Posted on Jan 3, 2011

Nareh Arghamanyan is described by Musical America writer and fellow pianist Harris Goldsmith as a “major, major, major talent” who places audiences under the “spell of (her) magnificent artist(ry).” On Sunday, Jan. 23 at 3 p.m., Union will host a performance by this 21-year-old Armenian musician. Her program includes selections by Rameau, Brahms, Rachmaninov and Liszt.

Pianist Nareh Arghamanyan

A recognized talent from an early age, Arghamanyan was eight when she began her studies with Alexander Gurgenov at the Tchaikovsky Music School for Talented Children. She was also the youngest student ever to be admitted to the University for Music and Performing Arts Vienna, entering in 2004.

Arghamanyan has performed with the Moscow Chamber Orchestra, the Mont Blanc Symphony France and the Armenian Philharmonic, with planned appearances this season from Vienna to Vancouver. Winning the Montreal International Music Competition in 2008 further confirmed her place as one of today’s finest young pianists. Arghamanyan had previously earned first place wins at the 2007 Jose Roca International Competition in Valencia and the 2005 Josef Dichler Piano Competition in Vienna.

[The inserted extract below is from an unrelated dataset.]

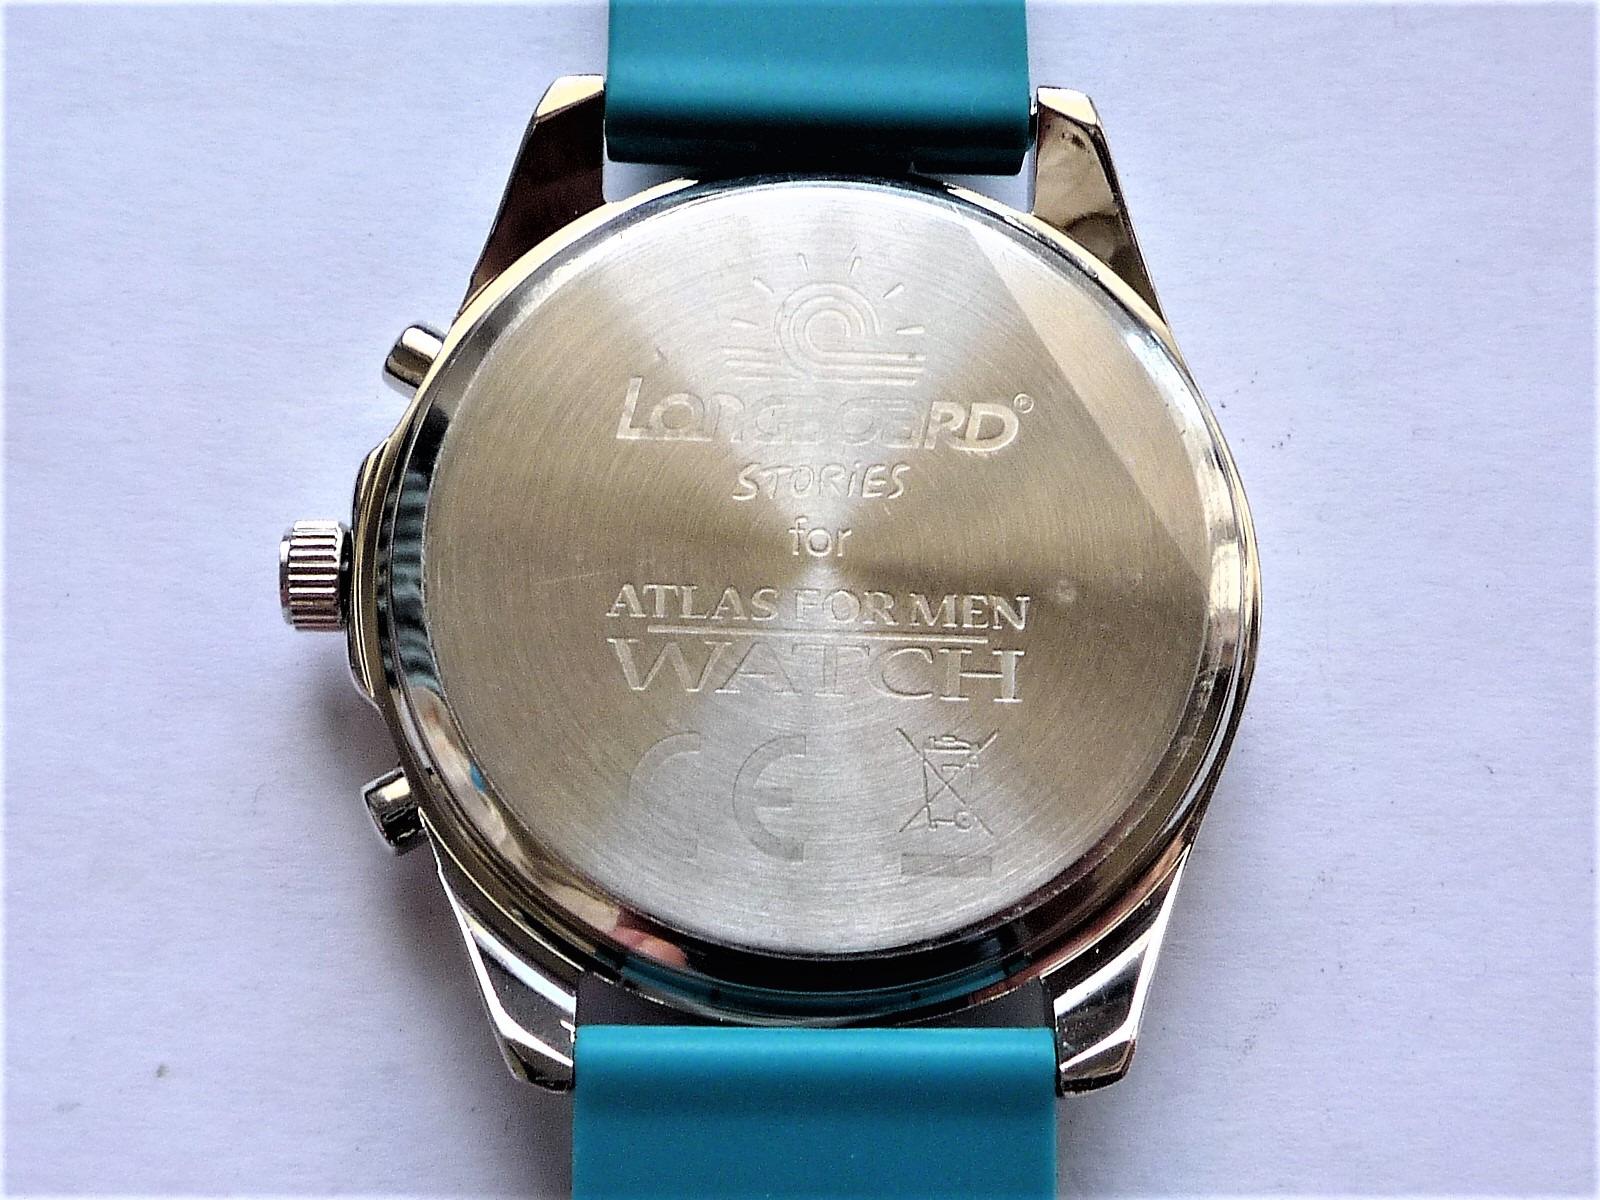 Náramkové hodinky LONGBOARD, nenošené #564-55 - Šperky a hodinky
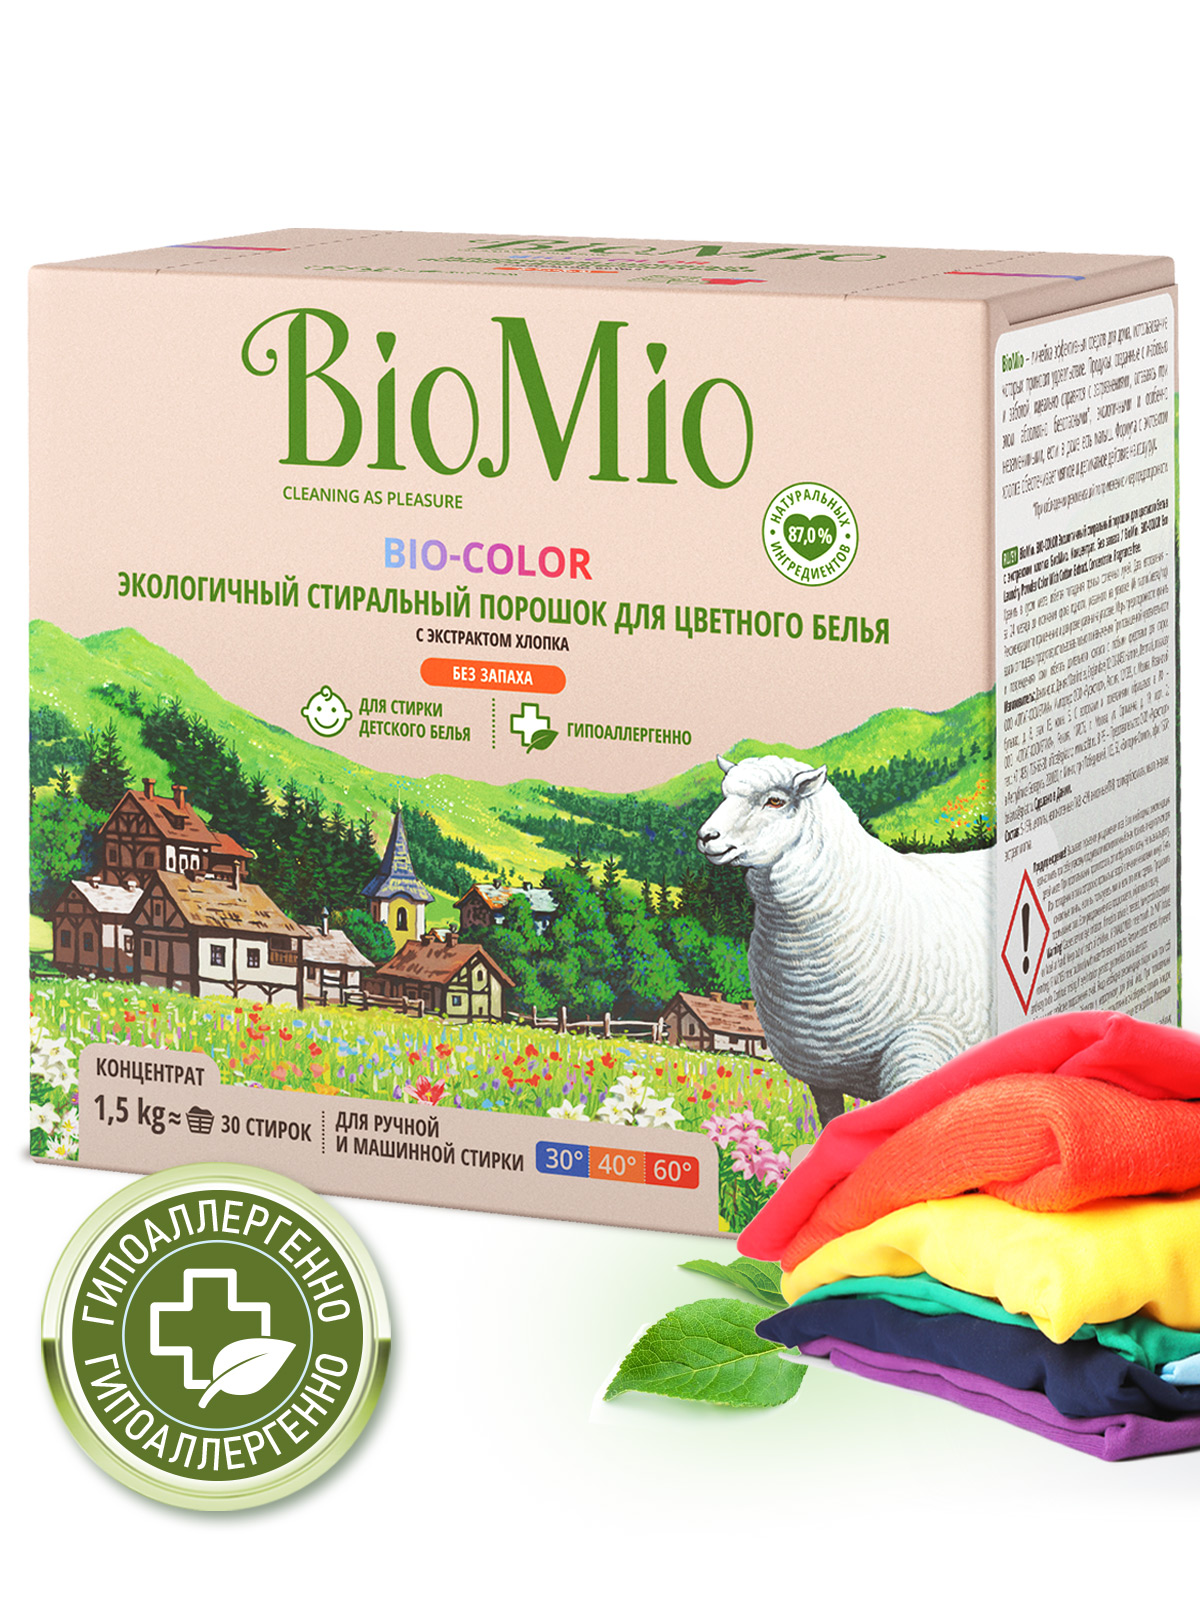 Пральний порошок для кольорової білизни BioMio Bio-Color, концентрат, 1,5 кг - фото 2

A participant at the 2009 Marlboro Music Festival, she will return again this year. Arghamanyan is no stranger to second appearances; a debut at the San Francisco Performances last season was followed by another invitation to their “Young Master Series” in 2011.

The Analekta label recently released Arghamanyan’s highly praised recording of the Rachmaninov 2nd sonata and Liszt B minor sonata. 

The show is open to the public and free to members of the Union community. General admission tickets are $20, though area students may attend for $8. For a complete list of this season’s concerts, click here.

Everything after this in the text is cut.